Any advise would be welcome. We are hoping to replace a open fire which has an existing back boiler with a stove with a boiler. We have a number of issues if we put in a free standing stove. 

1. I want it to be set back into the fireplace - I know excavation work would have to be done to make it fit. We would need a area aprox 36"H x 36"W x 24D to take the Carriag Mor 30K

2. Existing chimney has a flue gatherer at aprox 29" from the grate. This would need to be removed and a lintel or something put in higher up. I am told that the flue gatherer is holding up a lot of sand and it would be a big job to remove it. 

3. I think the inset boiler/stoves have not enough output to heat the rads and the room. we have been told that the max output to the room from an inset would be aprox 2kw (seems very low)
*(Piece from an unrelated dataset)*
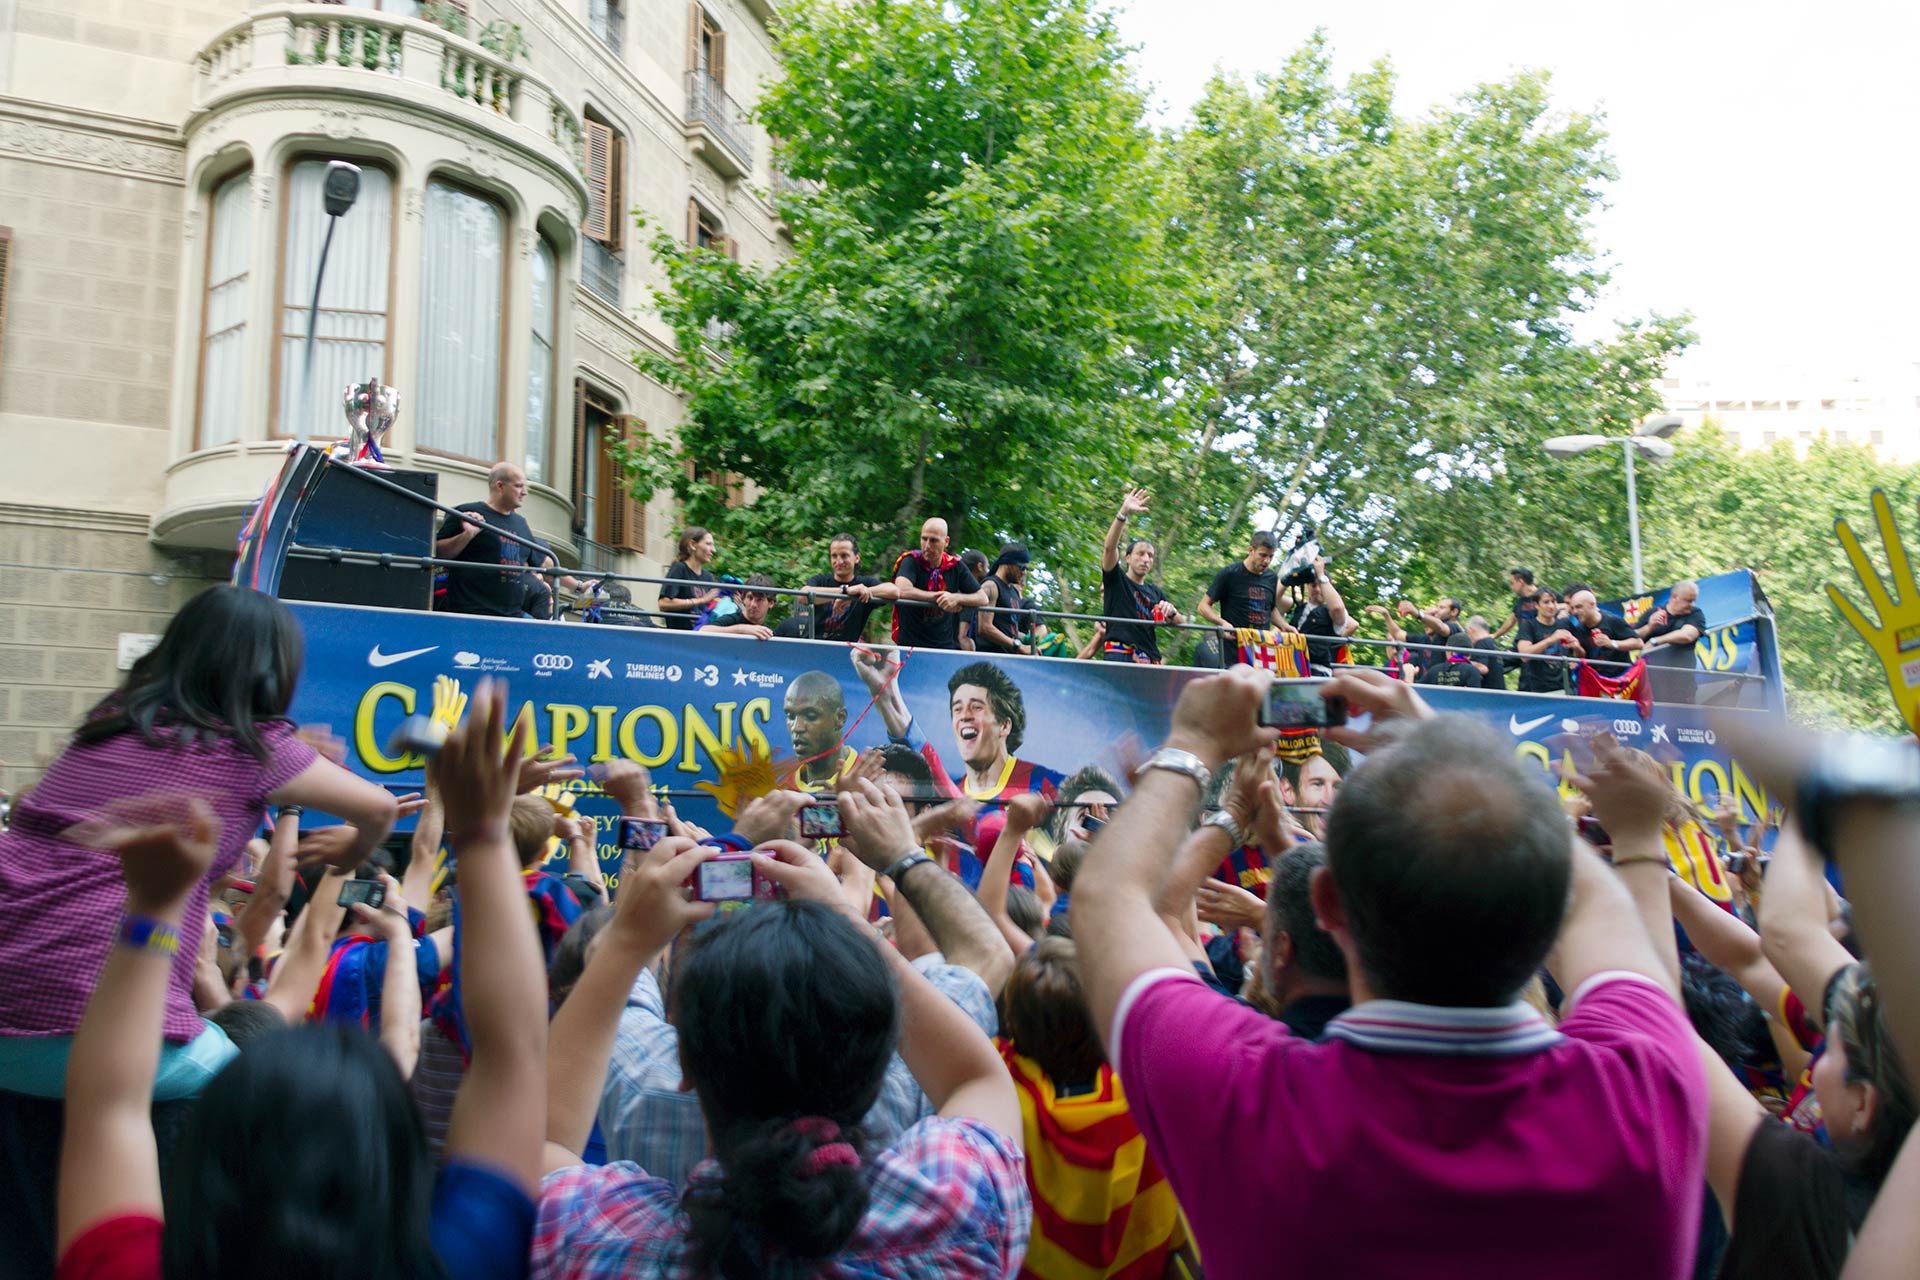 Barçan Champions liigan voitonkulkue 2009 Barcelonassa © Tuulia Kolehmainen
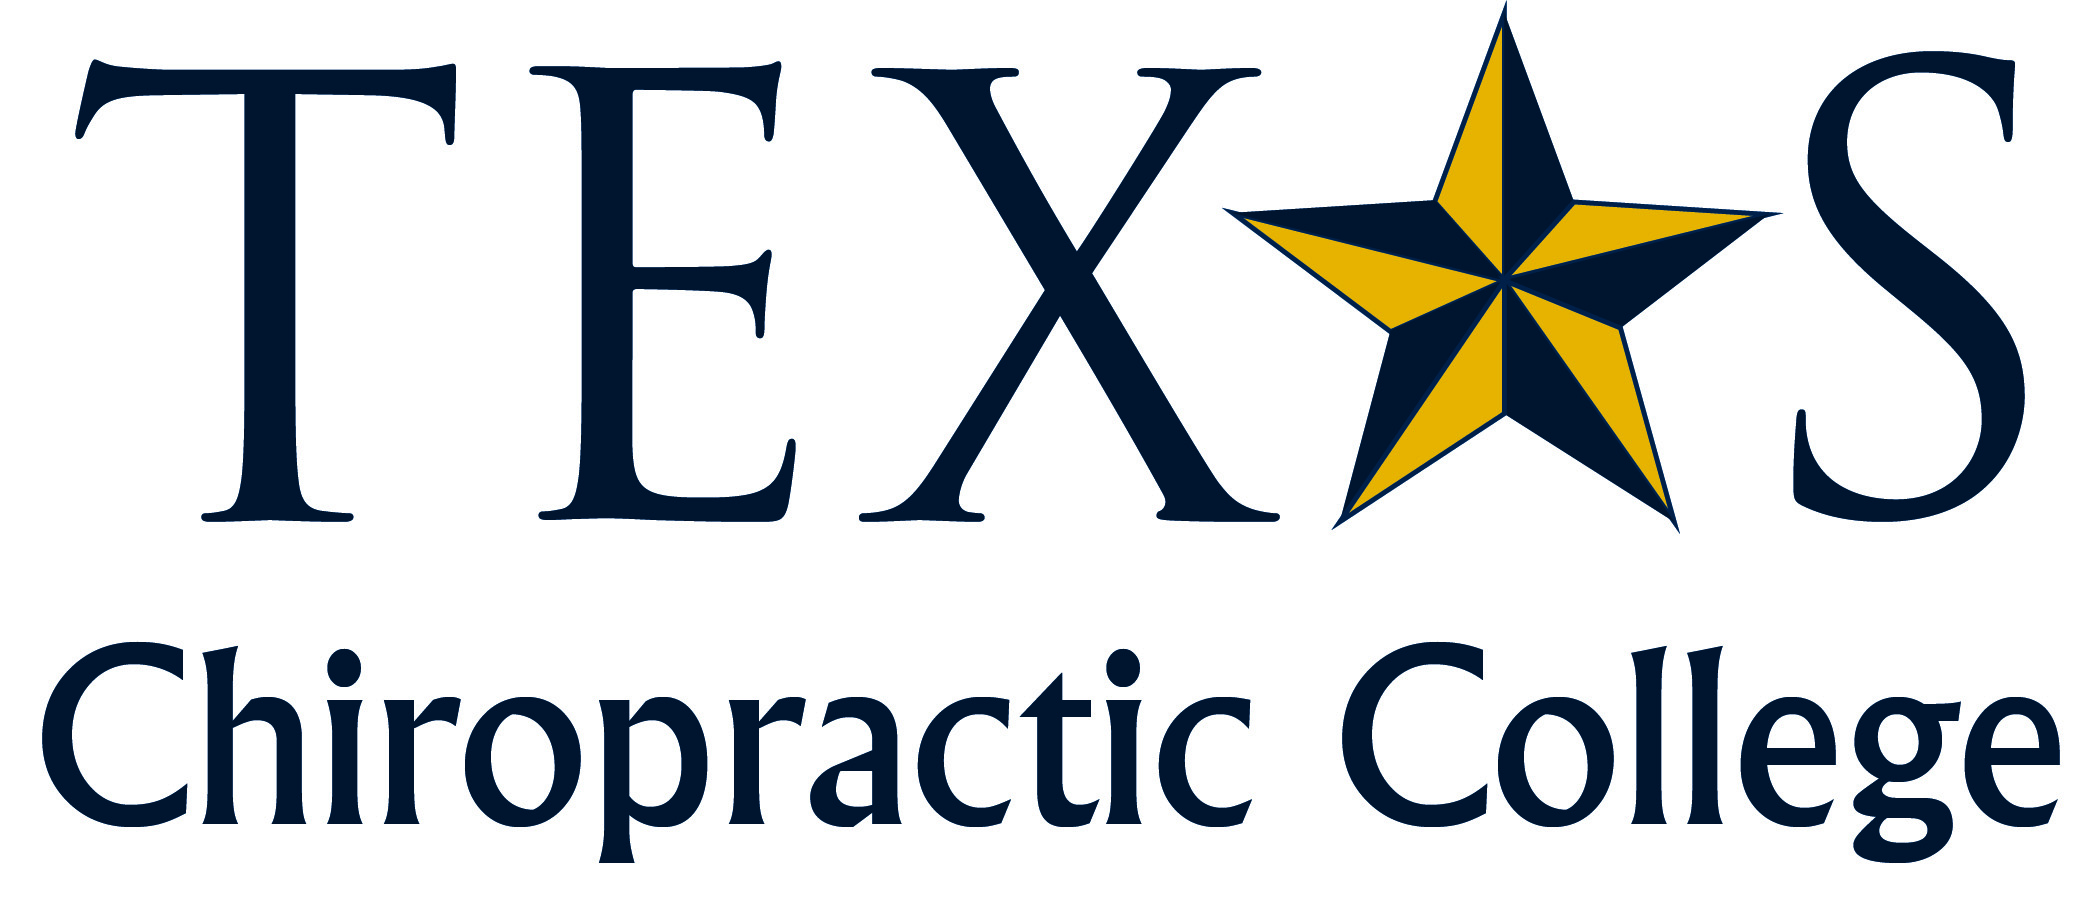 California online chiropractic courses

4. When counting rads does double rads count as two? If so we have 6 double rads & 7 single rads, that would be 19 rads. That is my reasoning for looking at the Carriag More 30k.w.

Thanks in advance, any advise would be welcome.


----------



## regi

*Boru 30kw*

hi guys im new on here and notice this thread goes back to 2010 so it may be abandoned by now but here goes anyway - maybe some one can help me.

I've heard that these stoves are excellent for heat output 
Has anyone had this particular stove installed for more than 5 years and how is it going ? 
My brother had a look at it and commented that there is only a single skin to the front of the stove and im wondering how will this hold up to the intense heat output of coal etc
I note that a previous poster said that there is a 10 year guarantee on the stove and 6 on the boiler??
my concern is mainly the mileage in the single skin  to the front and  that the boiler is fully welded into the stove and im wondering if its a case that if or when the boiler needs replacing can it be replaced or will it be necessary to replace the entire stove.
If there is anyone here that can advise because i have my heart set on it for its simple design and the amount of radiators its meant to heat (18 rads) its impressive on paper - can someone ease my mind as its quite an investment


----------



## babybunting

*Boru Stove 900i (600i)*

Hi Wigwammer, just wondering how are you getting on with the 600i Boru Stove - we are very close to ordering a 900i and I just found your comment on it.  Delighted to hear its good but you post is now a few months old and just wondering - and did they sort out the whistling sound?  Or if anyone else has got a comment on it I would be delighted to hear from you.


----------



## Mr Tayto

*600i Boru Stove*

Hi Babybunting

We have a 600i Boru Stove, best thing I ever bought, Looks great when lit, heat is excellent, cant wait for winter

You should have no problems


----------



## playback 1

Hi. I am intersted in changing to a stove or insert from a fire place. My fireplace is wooden surround with cast iron insert with tiles. I have been given conflicting advice regarding retaining the surround from different companies. If I do take the existing fireplace out what are my options for the insert. Do I have to put in another surround ? The room is around16ft in size with two doors.


----------



## paulztag

Mr Tayto said:


> Hi Babybunting
> 
> We have a 600i Boru Stove, best thing I ever bought, Looks great when lit, heat is excellent, cant wait for winter
> 
> You should have no problems



Hi Mr Tayto,

Do you have the 600i with a boiler? I'm currently looking for an inset stove with a boiler and really like the 600i. If its the boiler option you have  have many rads are running off it? Does it heat them up fully?

Thanks.


----------



## conniethebad

*Boru Croi Beag Stoves*

Hi all,

 I am in the market for buying an inset stove and the Boru Croi Beag caught my eye -Installation and cost suits my ability and budget.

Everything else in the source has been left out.